START Data extract

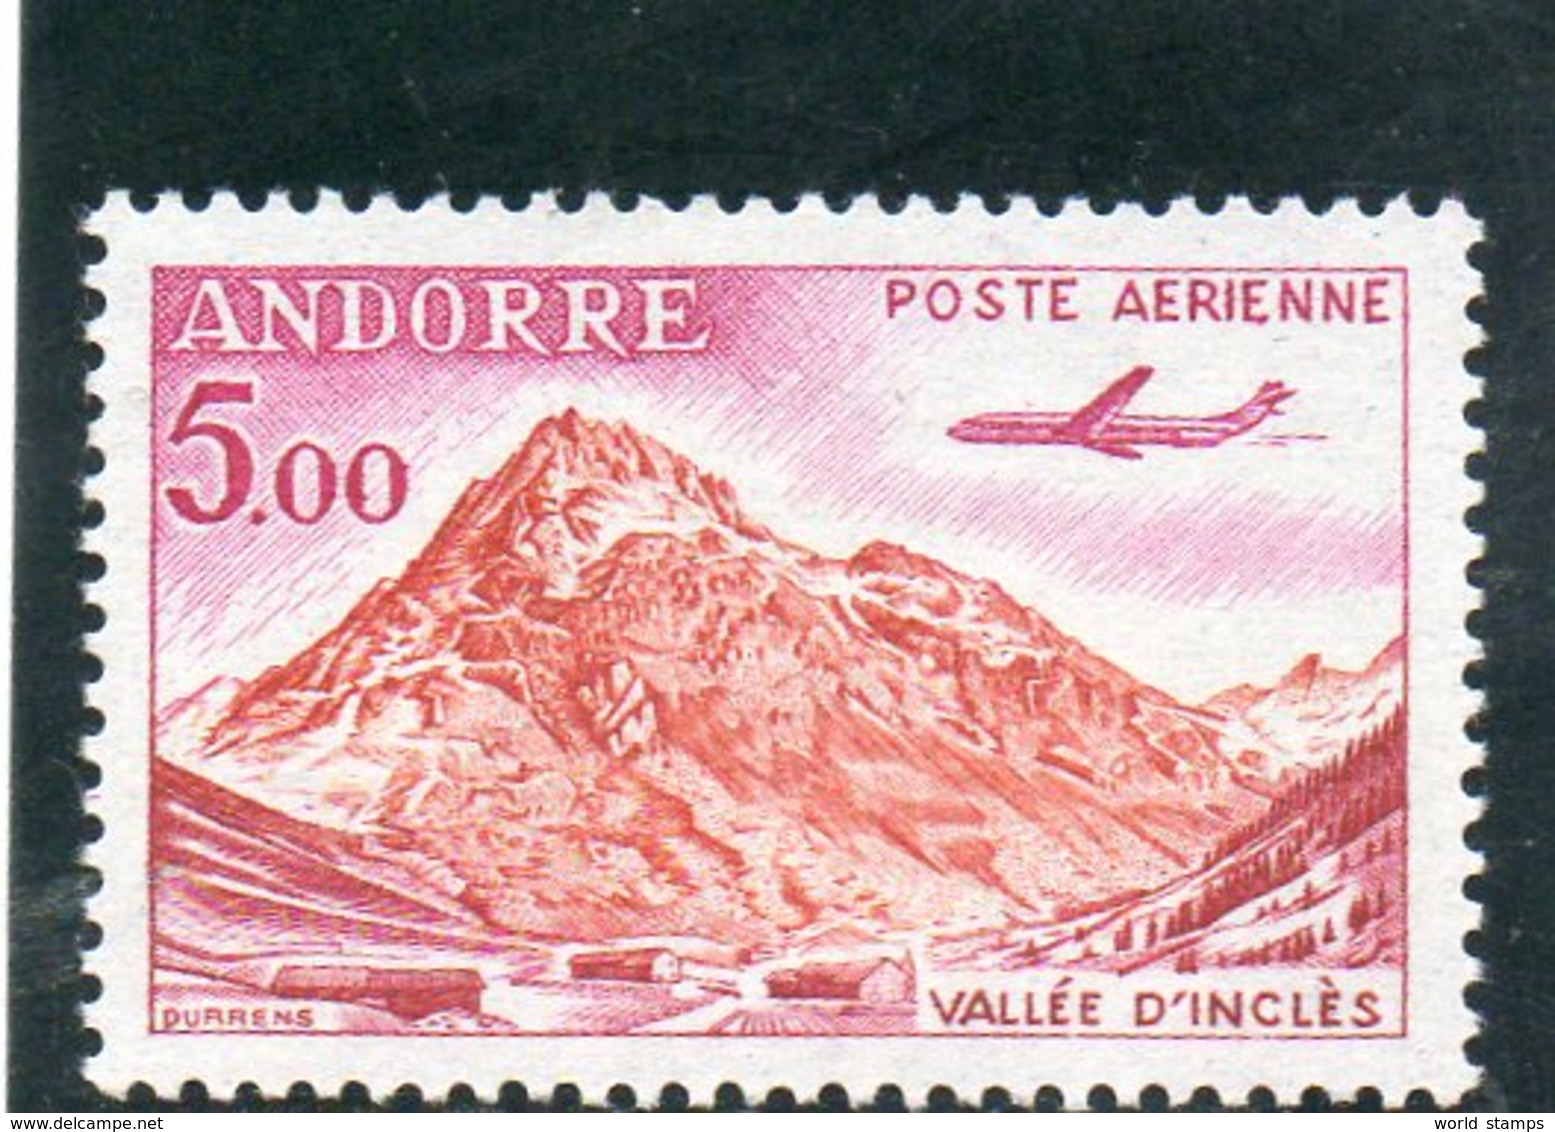 ANDORRE FR. 1961-4 ** - Airmail
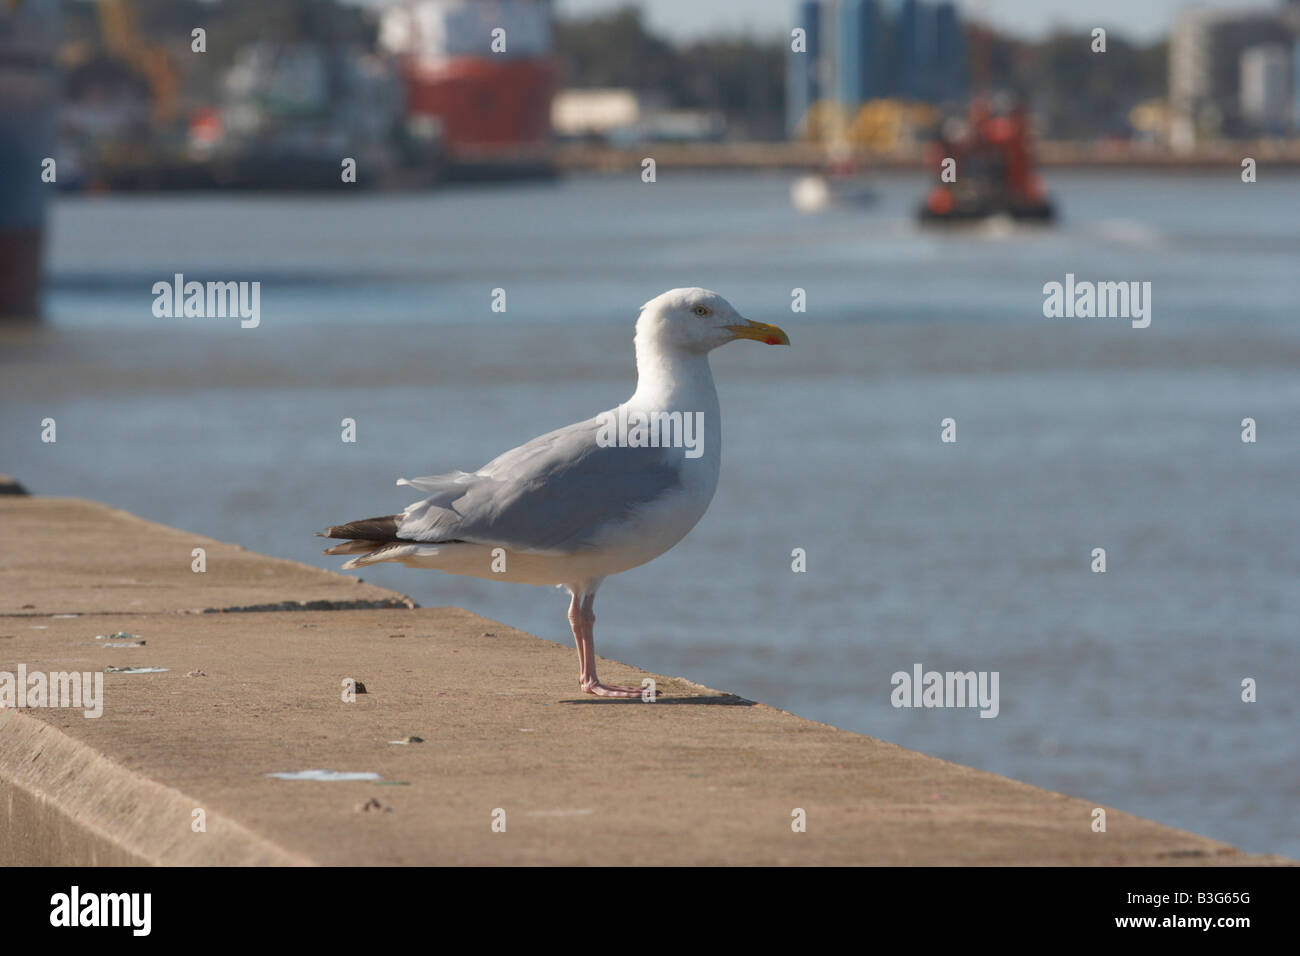 Sea Gull standing on wall Banque D'Images
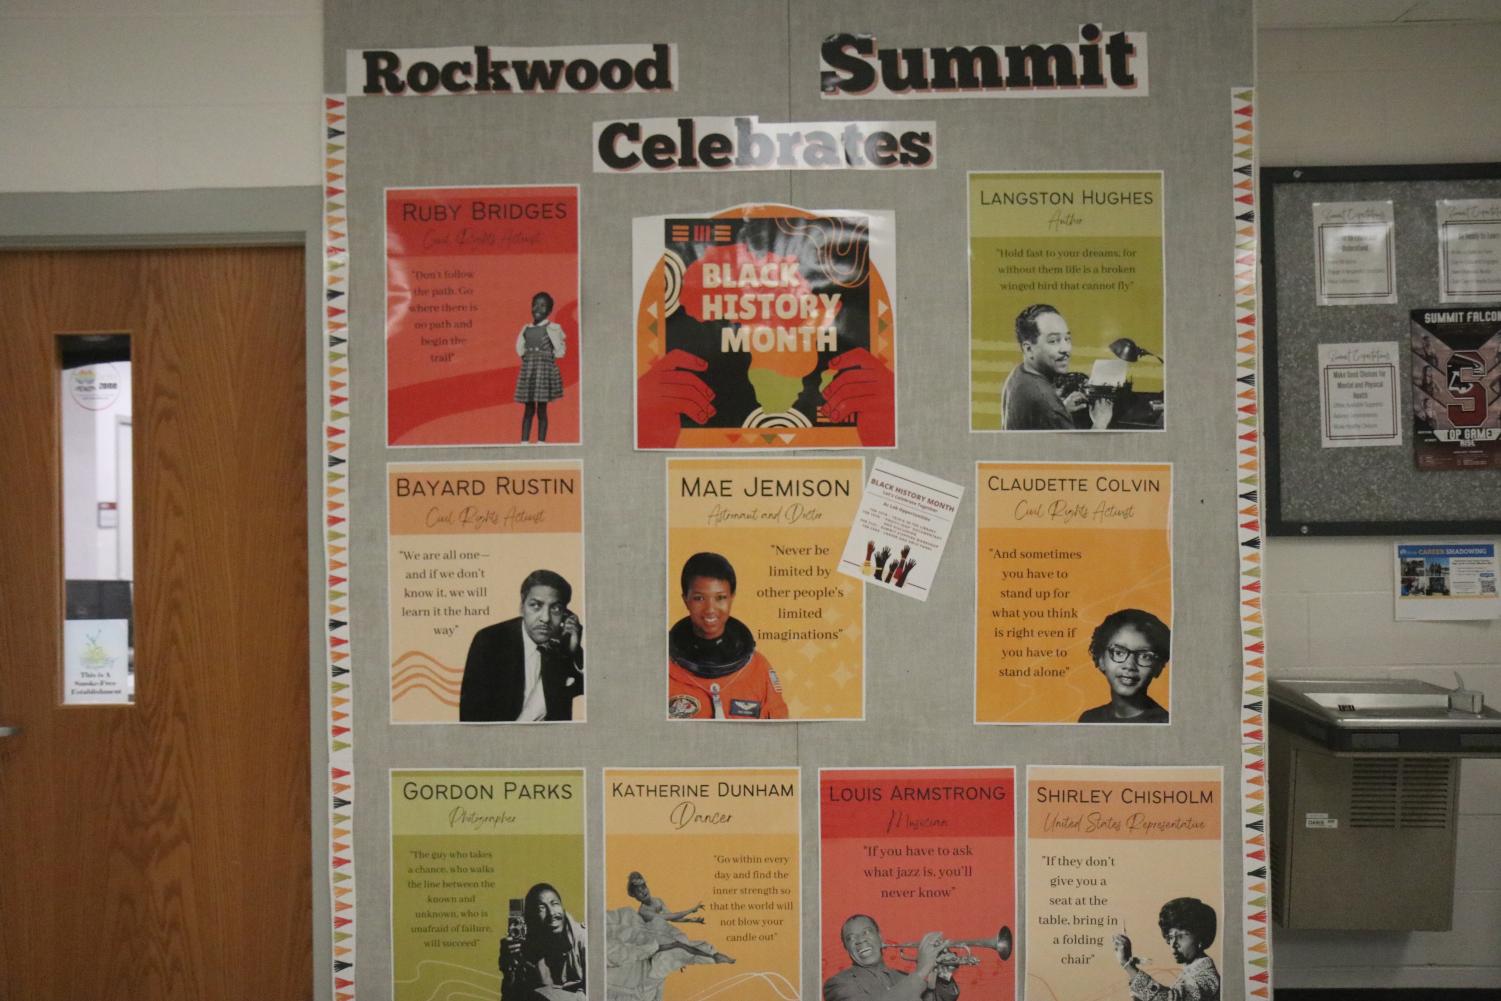 Displays outside the nurses office show
black historical figures. The posters have a photo of each person and one of their popular quotes.

END Data extract

For this exercise, reproduce the data above exactly from the line containing "Sea Gull standing on wall Banque D'Images" through its final line, both ends included, with no pictures in the copy.

 Sea Gull standing on wall Banque D'Images
 Displays outside the nurses office show
black historical figures. The posters have a photo of each person and one of their popular quotes.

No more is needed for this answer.